By Marcelo Rochabrun
LIMA, Peru, Tues. June 15 (Reuters) – In Peruvian capital Lima, fear is spreading among the city’s small but powerful urban elite about the likely election win of a little-known school teacher.
Pedro Castillo is poised to be named president ahead of conservative rival Keiko Fujimori. With almost all votes tallied, Castillo’s lead over Fujimori is narrow but looks to be enough, though the final result could take days or even weeks as legal challenges play out.
During campaigning, Castillo pledged to sharply hike taxes on mining in the world’s no. 2 copper producer to pay for social spending and redraft the constitution to give the government more muscle in running the economy. He has also hinted at potential land reforms.
Fujimori’s conservatives were quick to play up fears about the rise of “communism” and to stir up old ghosts of land grabs and a Venezuela-style collapse. Lit-up signs appeared in the capital warning, “Think about your future, say no to communism.” They did not mention Castillo by name and no-one has claimed responsibility.
“(Castillo’s) party is Marxist-Leninist. He says he will change the constitution, that he will carry out expropriations. So if he does all that, it shouldn’t come as a surprise,” Alfredo Thorne, a former finance minister, told Reuters.
As his victory looked more likely in recent weeks, Castillo softened his rhetoric, rebuffing comparisons to authoritarian leftists like Venezuela’s Hugo Chavez. He has brought on board more moderate advisers, played up a pro-market message, and denied that he plans to nationalize or expropriate savings.
However, many in the wealthy parts of Lima – which overwhelmingly voted for Fujimori – are still fearful.
“All of my friends have taken their money abroad, I don’t know anybody who hasn’t withdrawn their money,” said an attorney in the city who serves on the boards of several large corporations and had also withdrawn funds.
“I wouldn’t keep any money in Peru, not a penny,” the attorney added, asking not to be named because of sensitivities about the political situation.
The sol currency has fallen 8% since Castillo was the surprise winner of an April 11 first-round vote, while the Peru select equities index is down some 9% over the same period, with banks and mining shares among the hardest-hit.

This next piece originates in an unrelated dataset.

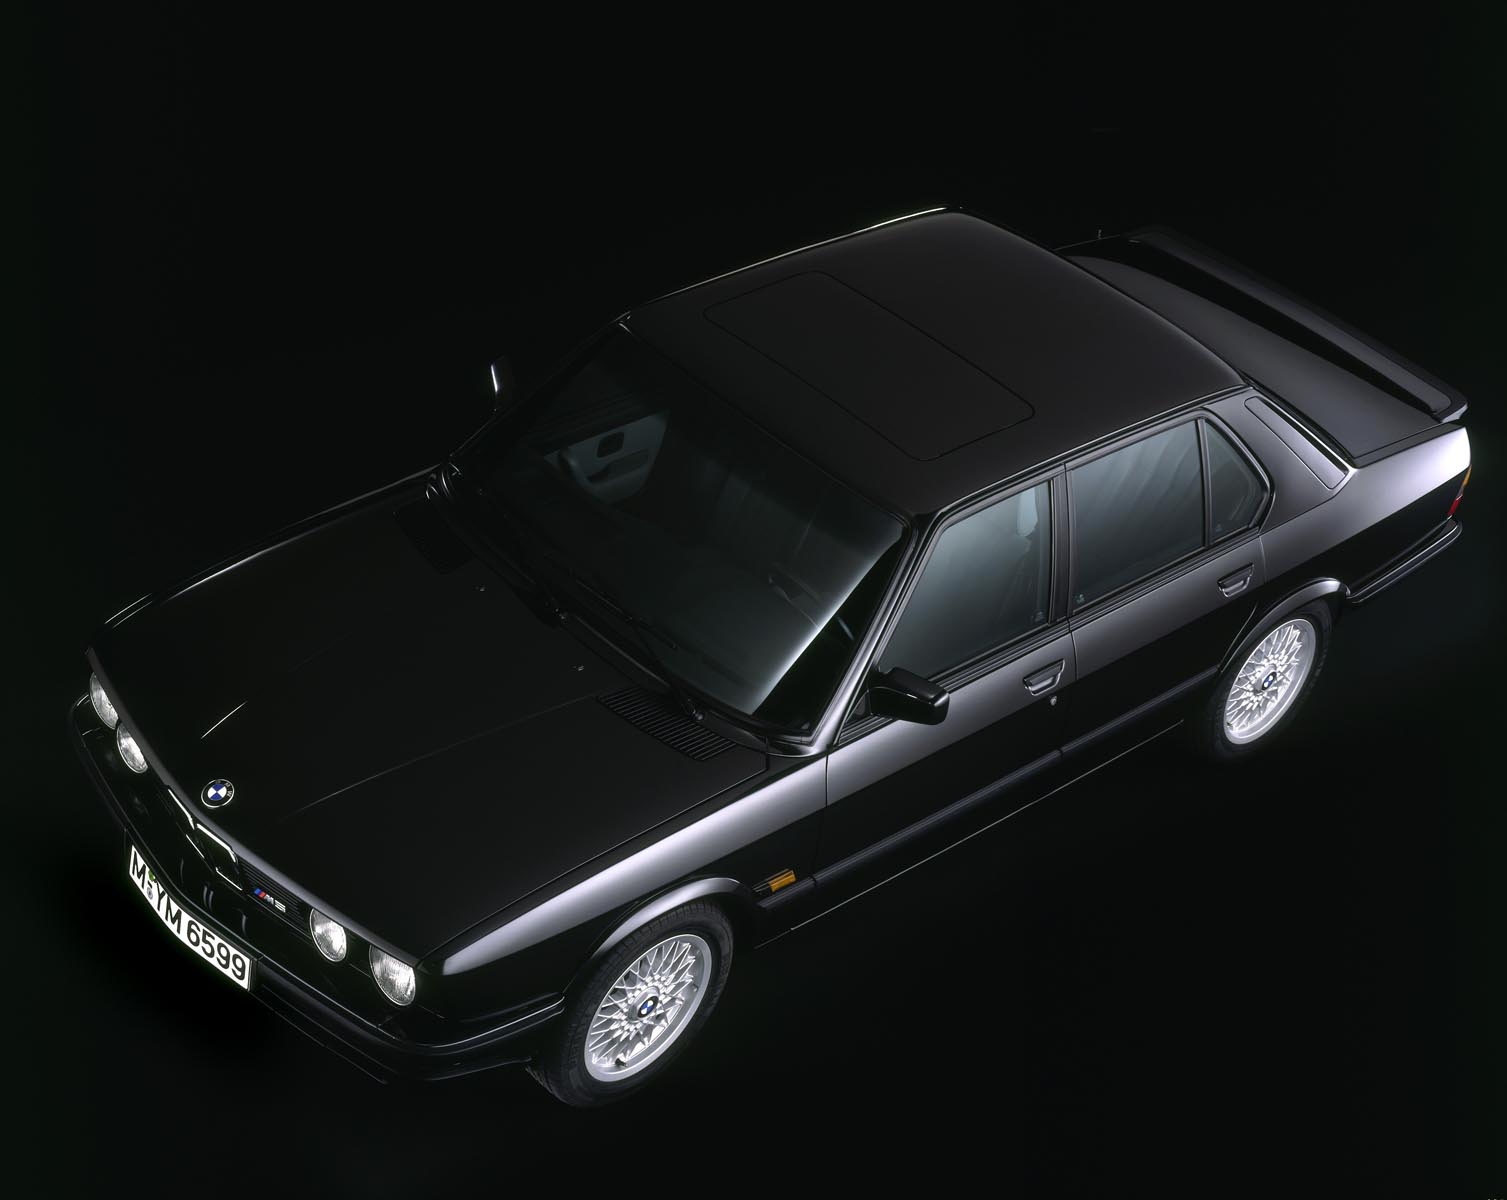 BMW Seria 5 E 28, produs intre 1981 si 1987, a fost vandut in peste 722.000 de exemplare

Analysts say, however, that a fragmented congress will limit radical change and force Castillo to be pragmatic, which could even create a silver lining for markets and potential buying opportunities for investors.
The collective fear appears to be real, whether or not it is warranted.
Some families are splitting properties among members or putting them in trusts, the attorney said, and even in some cases resorting to withdrawing cash in briefcases to store at home.
Banks have been importing physical dollar bills in order to meet the demand, according to two sources with knowledge of situation.
“The goal of importing dollar bills is to increase availability, in case there are people who need a larger amount of cash,” said one of the banking sources, adding that Peruvian lenders have high liquidity and deposits are not at risk.
“It’s collective hysteria,” said Ramiro Llona, a prominent artist who been critical of Fujimori, the daughter of divisive former President Alberto Fujimori. Llona said that fear and bias was driving some of the push-back against Castillo, the son of peasant farmers from Peru’s rural north.
“I strongly belief that there is a component of racism at play here… fear that a person from the Andes might win.”
Whereas 88% of residents in the capital’s San Isidro, Peru’s richest neighborhood, voted for Fujimori, in Peru’s poorest Andean region, Huancavelica, 85% supported Castillo. He has galvanized support among those left behind like no other politician in recent decades.
Reuters spoke to half a dozen wealthy Lima residents who said support for Fujimori was rooted in two historical traumas – land appropriations in the 1960s and hyperinflation in the 1980s, both under leftist leaders.
“The ones with the old-money fortunes are the ones who are dying of fear,” said a senior consultant who serves Peru’s largest corporations, asking not to be named.
Those among the elite who have spoken out against Fujimori have found themselves ostracized.
“Being anti-fujimorista in this runoff election was like having leprosy,” said Ursula Castrat, a podcast presenter and former editor at Cosas, a magazine that chronicles the lives of the upper classes. She vocally opposed Fujimori on social media.
Llona, the artist, said his wife had come under pressure from friends to get him to tamp down criticism of Fujimori.
Castrat also said her friends pressured her to support Fujimori.
“I ended up voting for Fujimori as a gift to one of my best friends,” Castrat said. “I had already bought her a present but she insisted, so I took a photo of my ballot and sent it to her.”